• Exercise prompt:
The listing below should be printed in full and exactly, apart from its images.

• Dataset section:
BEGIN
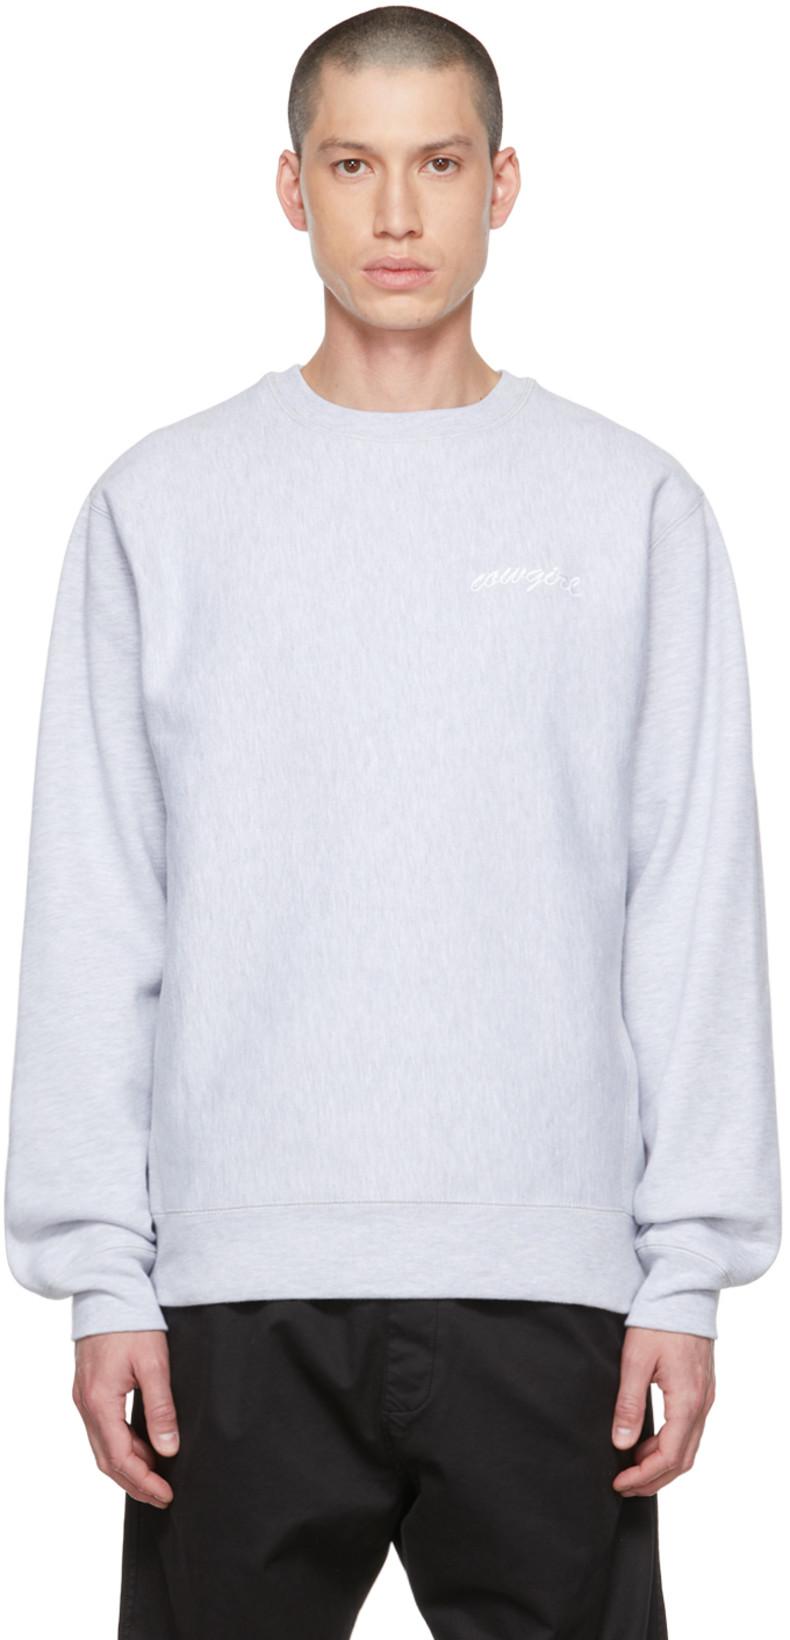 Gray Script Sweatshirt by COWGIRL BLUE CO
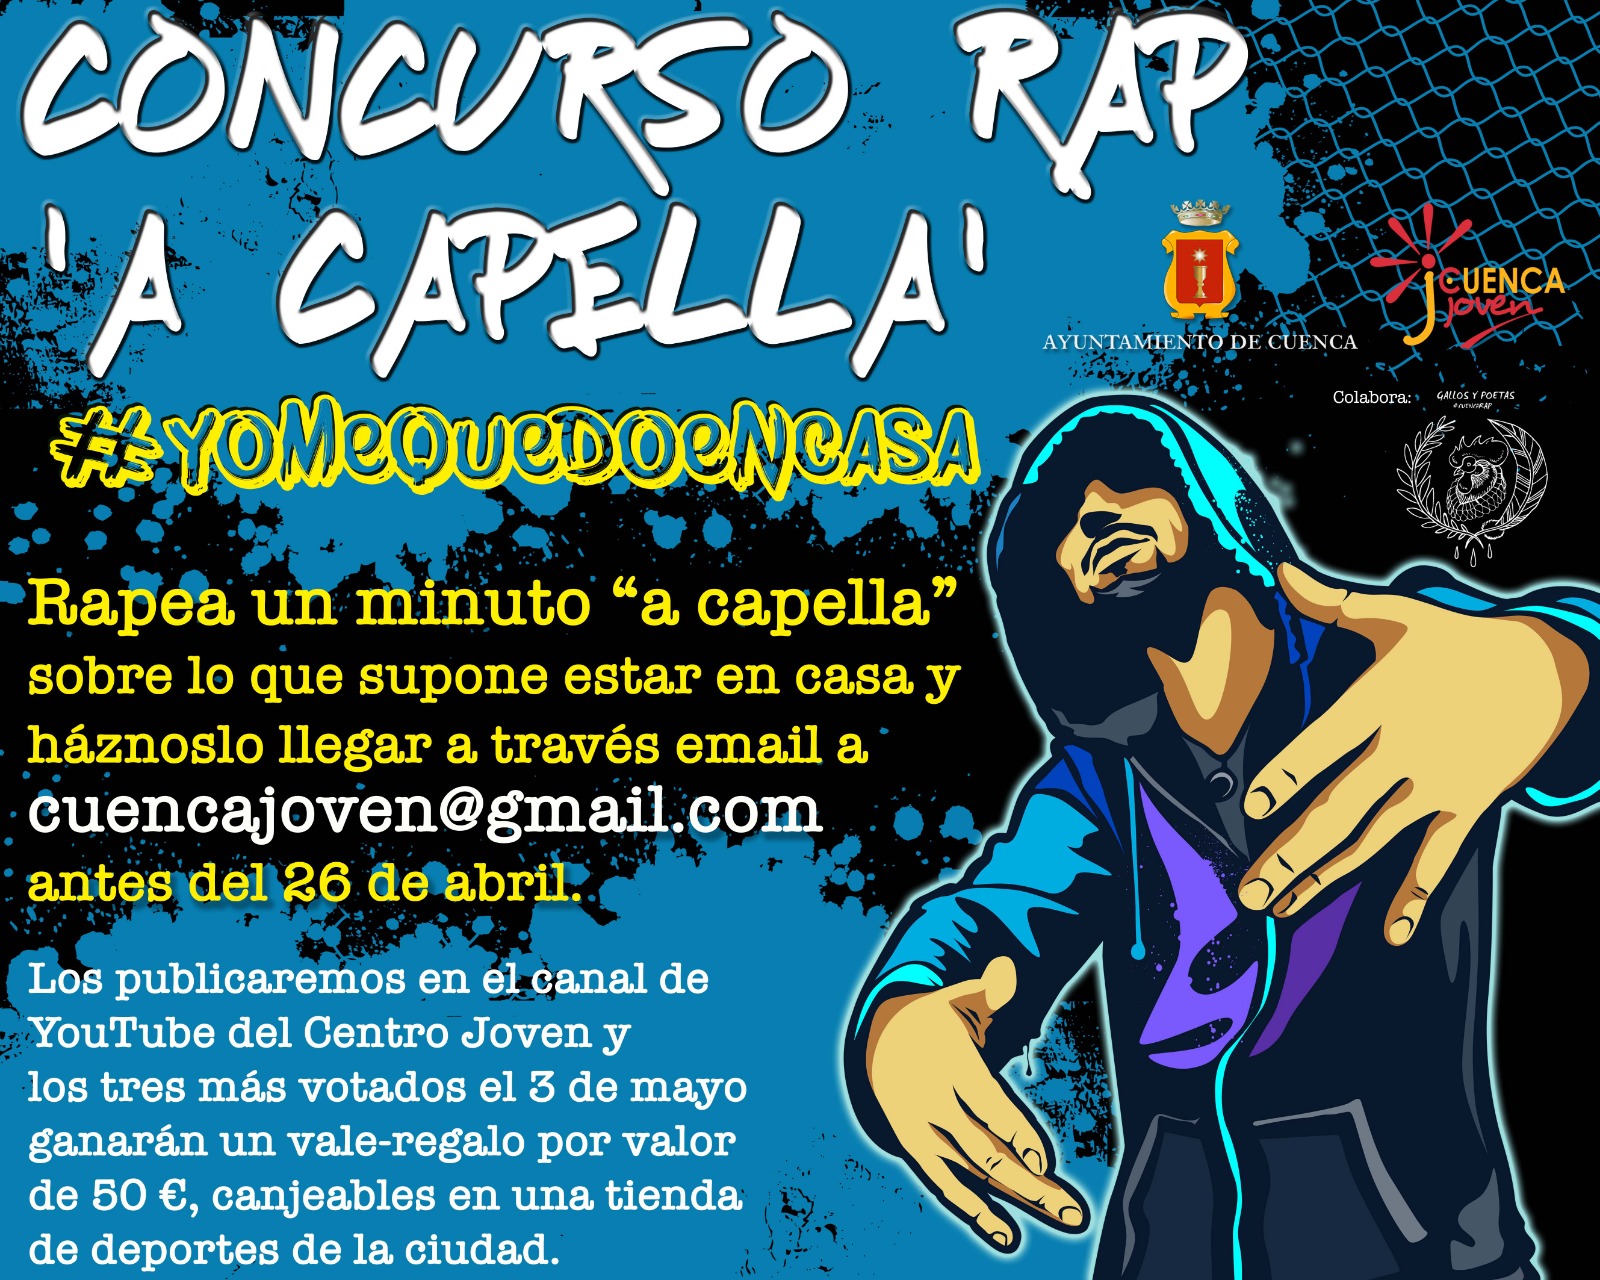 Consurso de  Rap "A Caoella" @yomequedoencasa
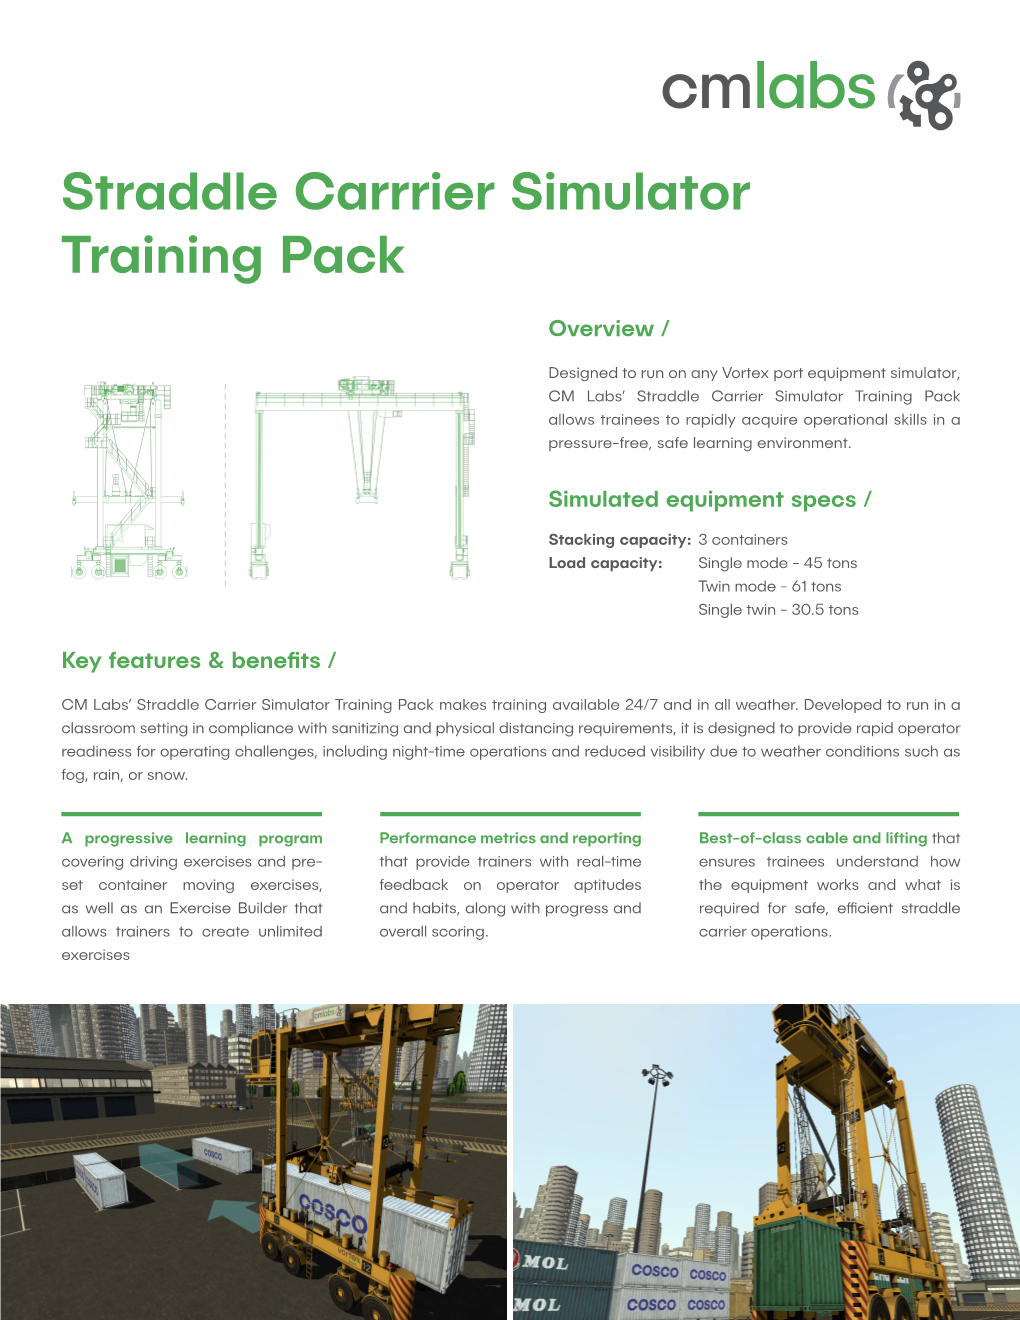 Straddle Carrrier Simulator Training Pack
END
• Task output:
 Gray Script Sweatshirt by COWGIRL BLUE CO
 Consurso de  Rap "A Caoella" @yomequedoencasa
 Straddle Carrrier Simulator Training Pack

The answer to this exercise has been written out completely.